Building - funds of funds

We live in a world where investing is becoming ever more accessible and of lower cost.

In a country like South Africa — where equities have had several lean years — investors are also paying more attention than ever before to their portfolios and their returns.

In the search for yield, one investment category that is grabbing more attention is the fastest-growing asset class in SA, Section 12J.

Section 12J is woven into SA’s Income Tax Act and enables investors to provide much-needed capital to SMEs. In return, investors receive an immediate tax deduction equal to 100% of the amount they’ve invested. As of February 2019, in excess of R8 billion had been invested in Section 12J funds in SA.

Making Section 12J count

With this growth, a key challenge has been the fact that there are over 160 Section 12J investment opportunities available in SA. 

Any large wealth institution that wants to access just one of these opportunities would have to spend significant time and resources on due diligence. These institutions then further face a diversification dilemma, as they can’t just opt for one or two 12J investments. 
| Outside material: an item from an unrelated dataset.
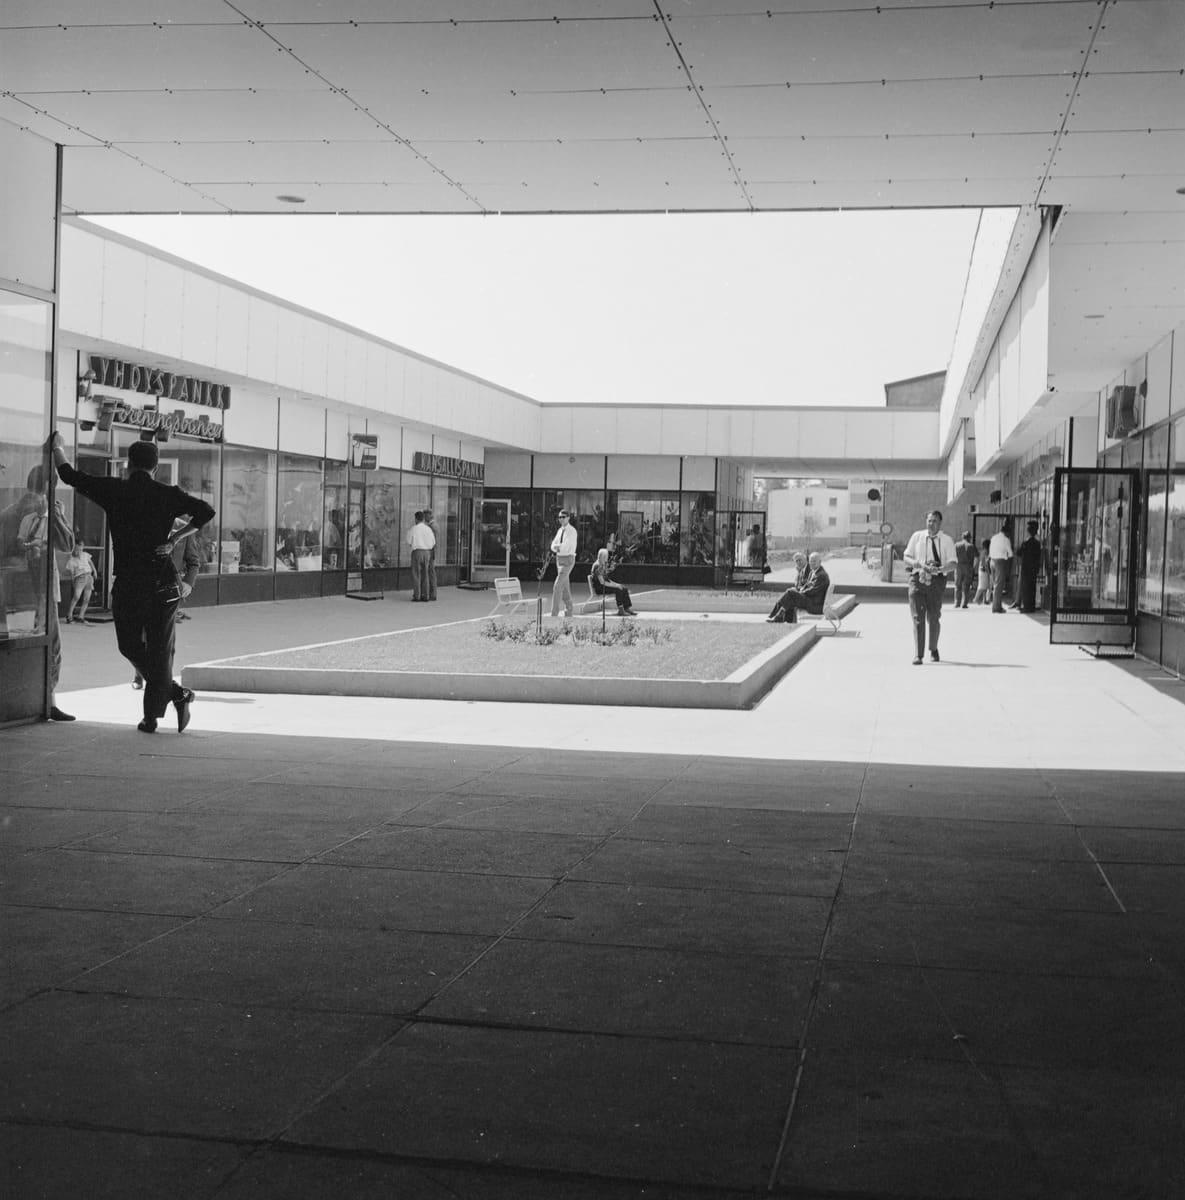 Puotilan ostoskeskus, kuvaaja Teuvo Kanerva 1960-luvulla

In a bid to solve this problem, a team consisting of some of SA’s most prominent and reputable business people launched the country’s first-ever portfolio of Section 12J fund offering, MeTTa Capital Moderate Risk Fund I.

Since 2017, MeTTa Capital has conducted several capital raises. During the most recent capital raise for the period ending February 2019, its investment committee, headed by Dr Adrian Saville, conducted a strenuous due-diligence process evaluating over 110 Section 12J companies, filtering it down to a basket of six market-leading investment strategies.

A fundamental criterion for inclusion on MeTTa Capital’s platform is a responsible and reasonable fee structure that a VCC charges its investors.

The end result is that for just R500 000, MeTTa Capital investors can own shares within multiple Section 12J VCCs, bypassing these funds’ own minimum investment limits. Investors who invest with MeTTa Capital further have access to a transparent and market-leading post-investment reporting service.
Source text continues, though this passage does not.